Most striking of all, particularly to Masursky, were the erosion features. In some places long, narrow valleys ran for hundreds of kilometres across the plains with few if any tributaries. In other regions there were branching networks of smaller valleys, suggestively similar to those that drain earthly landscapes. And elsewhere mere were vast, sweeping channels that seemed to have torn across the crust with unbelievable force, scouring clean areas the size of whole countries. Had water done this? Masursky seemed sure of it and waxed lyrical on the planet’s lost rains to journalists; Murray looked on, grinding his teeth. After all, this was an alien world of new possibilities. Streams of lava might have been responsible – or torrents of liquid carbon dioxide, or gushing hydrocarbons, or slow-grinding ice. Even the thin winds were suggested as possible scouring agents – and though that was a spectacular stretch, it was increasingly clear that wind did indeed play a large role in the way the planet looked. Everywhere there were streaks where dust had revealed or hidden the surface beneath; in some places there were full-blown dune fields. The seasonal changes observed from the earth and held by some to mark the spread of primitive vegetation – changes that would have been Mariner 9’s primary focus, had its sister ship, Mariner 8, not fallen into the Atlantic just after launch and thus bequeathed the main mapping mission to its sibling – were now explained by the wind, at least in principle.

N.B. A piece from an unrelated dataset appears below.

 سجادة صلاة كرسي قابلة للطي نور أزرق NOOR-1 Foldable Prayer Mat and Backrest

And there was yet more for Masursky and Murray and their colleagues to wonder at and argue over. Strange parallel ridges and lineations running in step for hundreds of kilometres. The collapsed chaos features seen by Mariner 6, which now appeared to be sources for some of the great channels. Rippling bright clouds of solid carbon dioxide (such clouds, streaming off the heights of Olympus Mons, provided the intermittent bright white expanses that made Schiaparelli think of snow and call the area Nix Olympica). Most strikingly, there were regions at the poles where the interaction of wind-borne dust and expanding and contracting polar caps had built up a weird, laminated terrain. Each layer must correspond to a different set of conditions – different wind patterns, different climates. Millions, maybe billions of years of history were there in those layers, just waiting to be read if only you could get to them and figure out what made them. Murray, in particular, found these polar layered terrains fascinating. Thirty years on he still does. He was to be part of the science team on the ill-fated Scott and Amundsen microprobes that accompanied Mars Polar Lander.

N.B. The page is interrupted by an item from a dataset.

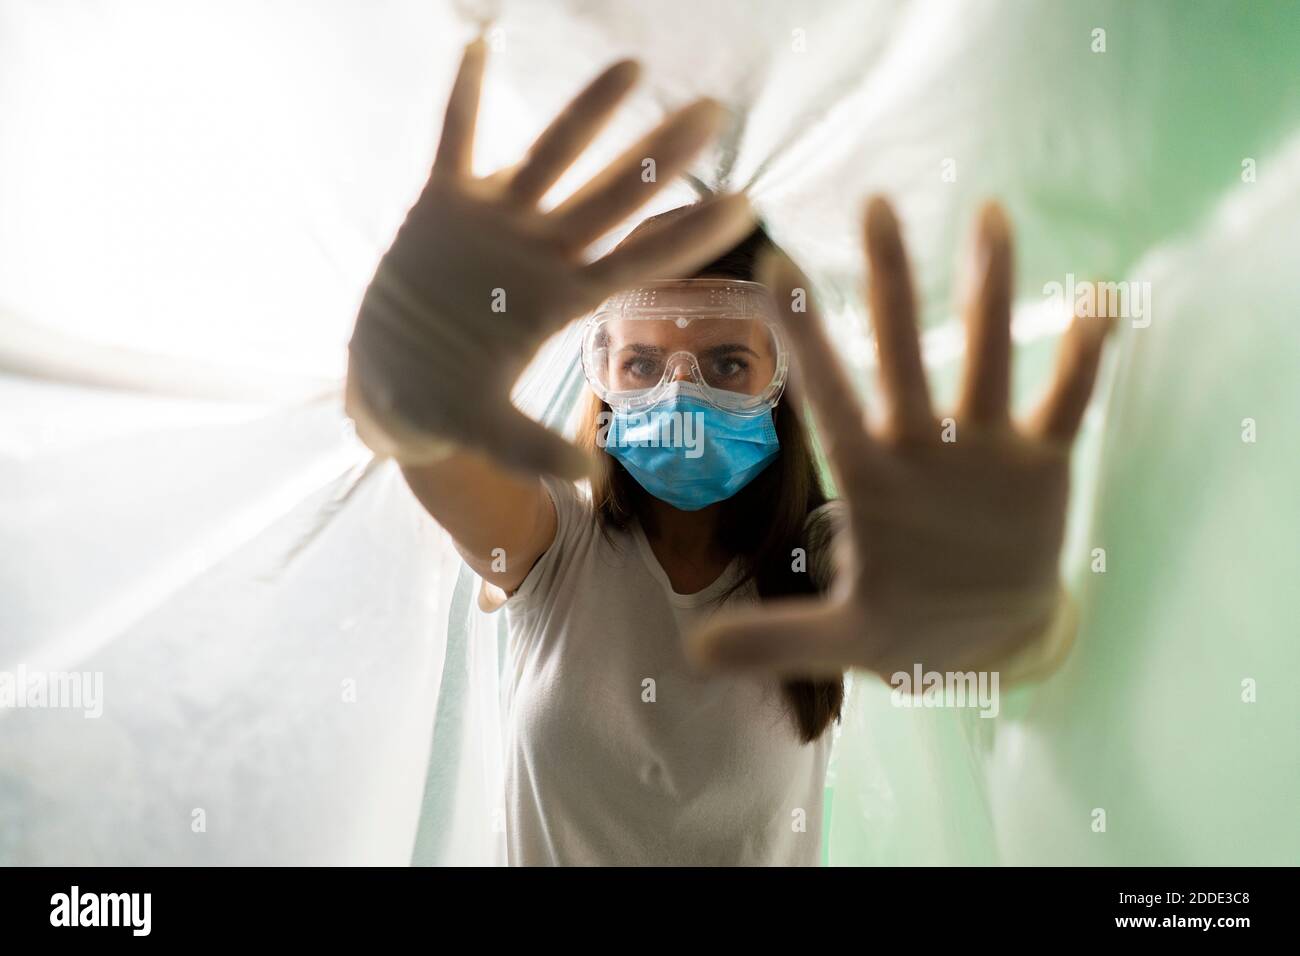 Frau trägt schützende Gesichtsmaske tun Stop-Geste, während bedeckt In Plastik während des COVID-19 Ausbruchs Stockfoto

The twenty-four people working shifts on the television team had more than enough data to keep them happy. Every twelve hours a new swathe of pictures would come back, covering the planet in seventeen days. There were always new things to see, new things to think about, new things to ask for close-ups of at the next opportunity. And in the end Mars’s rocky surface was stored in their computers and tacked up on their walls, almost seven gigabytes of data, 7329 images. Mars was now much more than one of Tennyson’s points of peaceful light – it was taking on, in Auden’s words, ‘the certainty that constitutes a thing’. It could be measured in detail, and properly mapped.
* The excellent Australian film The Dish goes some way to redressing this oversight.